**Task item:** No pictures belong in the copy. Restate the rest of the data exactly.

**The data:**
##############################
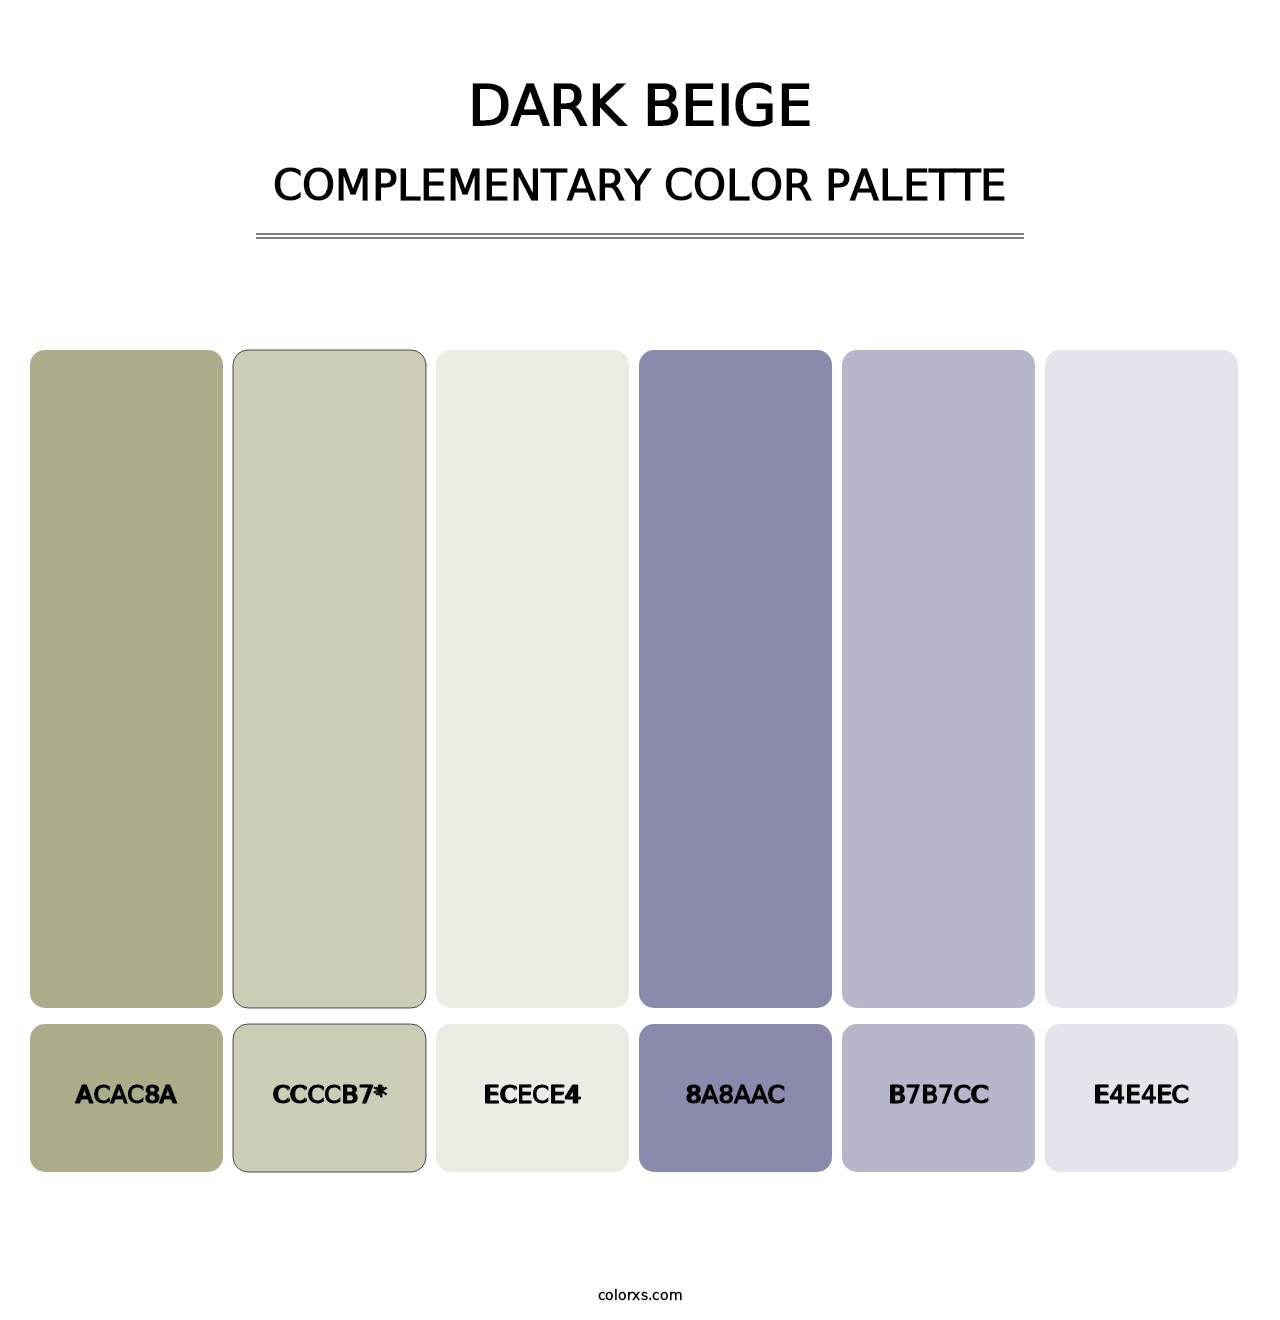 Dark Beige - Complementary Color Palette
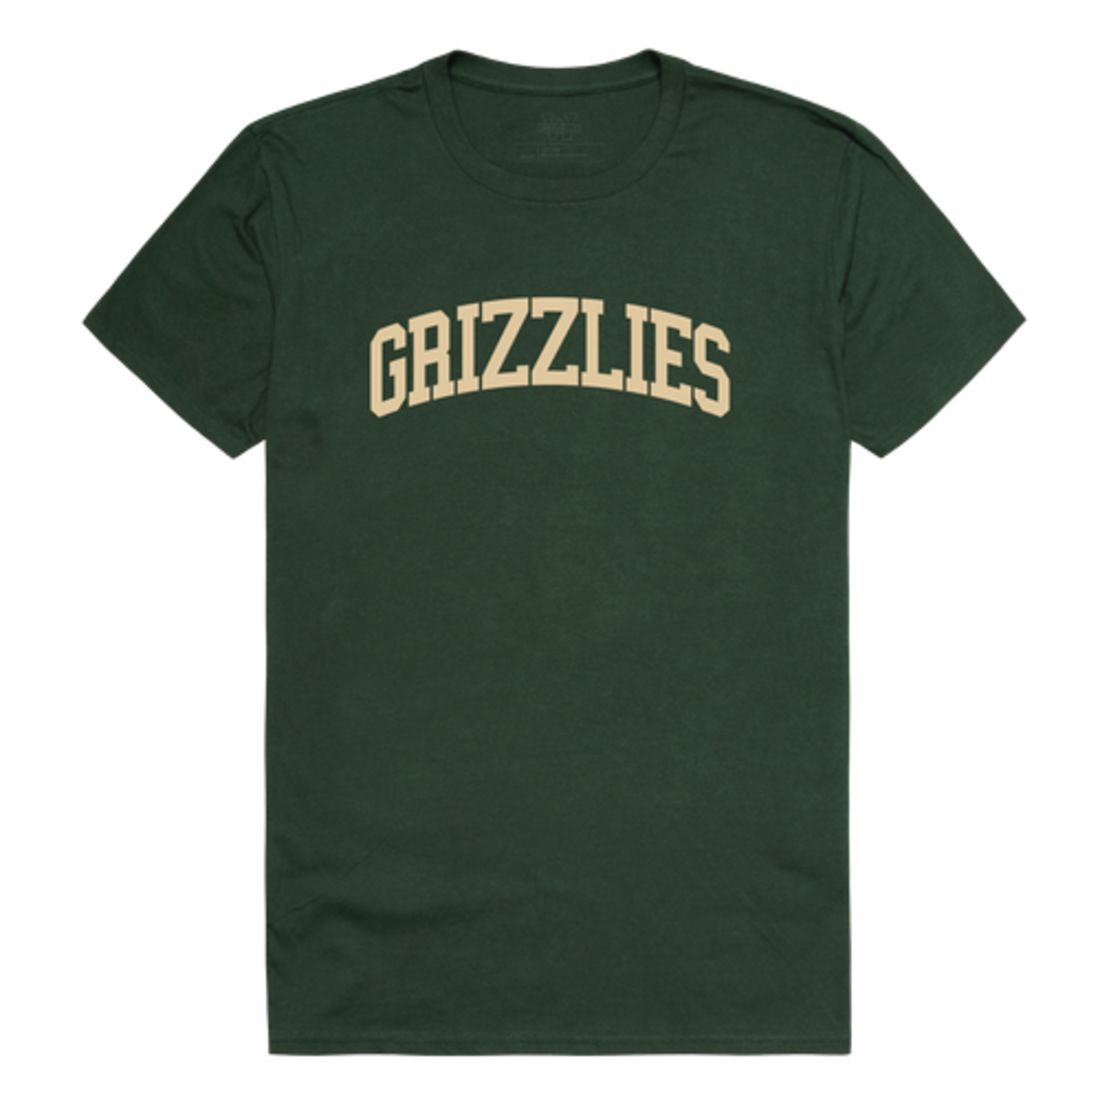 Georgia Gwinnett College Grizzlies Collegiate T-Shirt Tee
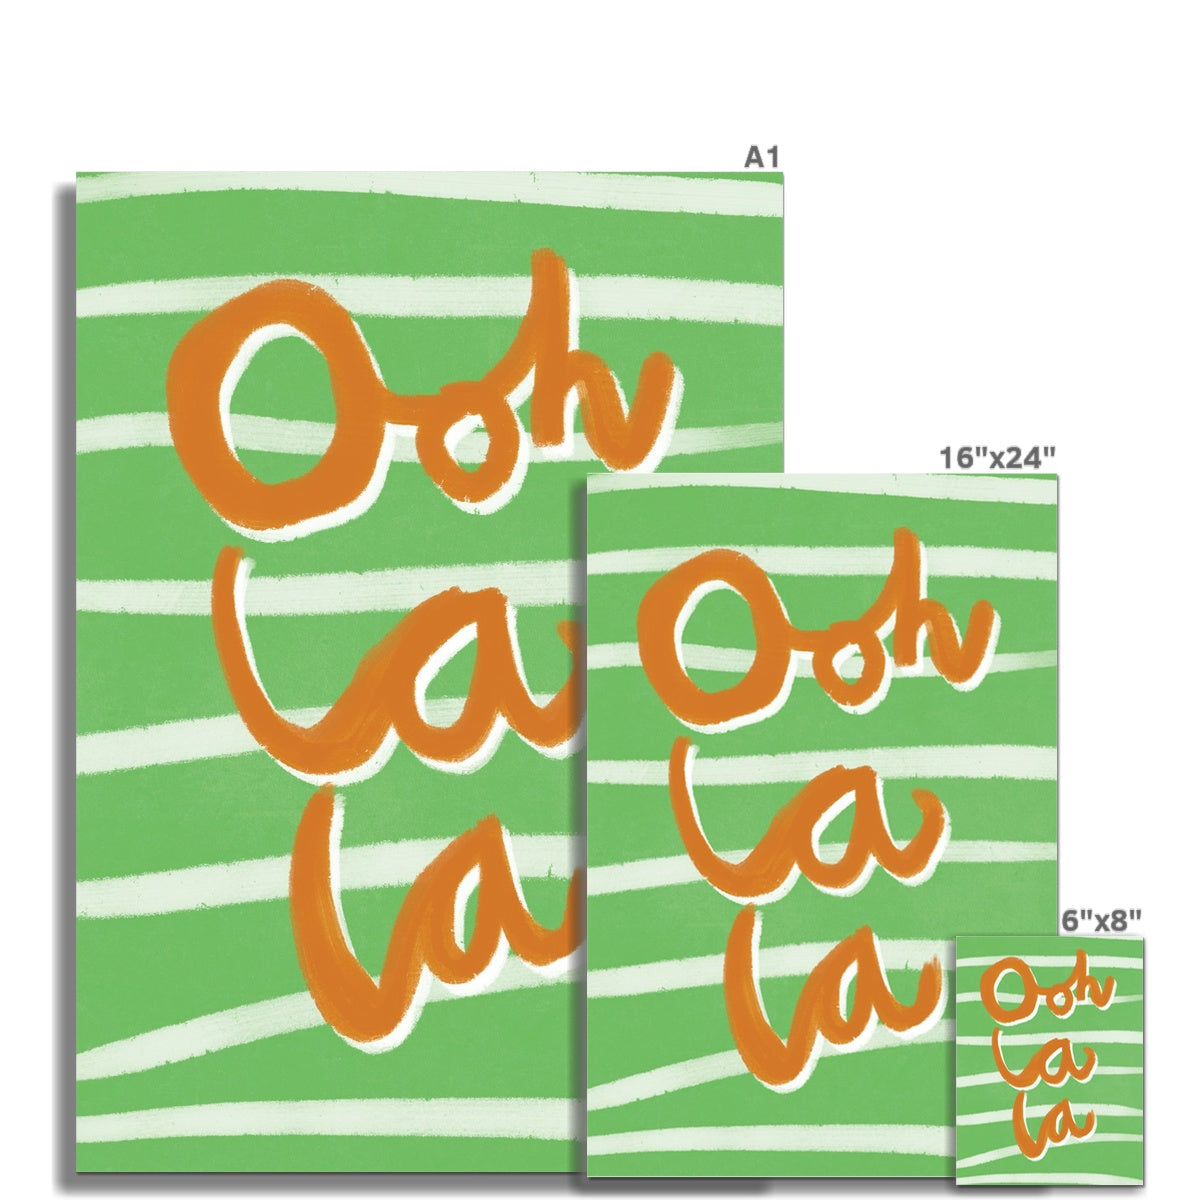 Ooh La La Art Print - Green, White and Brown Fine Art Print
##############################
**Answer area:**
 Dark Beige - Complementary Color Palette
 Georgia Gwinnett College Grizzlies Collegiate T-Shirt Tee
 Ooh La La Art Print - Green, White and Brown Fine Art Print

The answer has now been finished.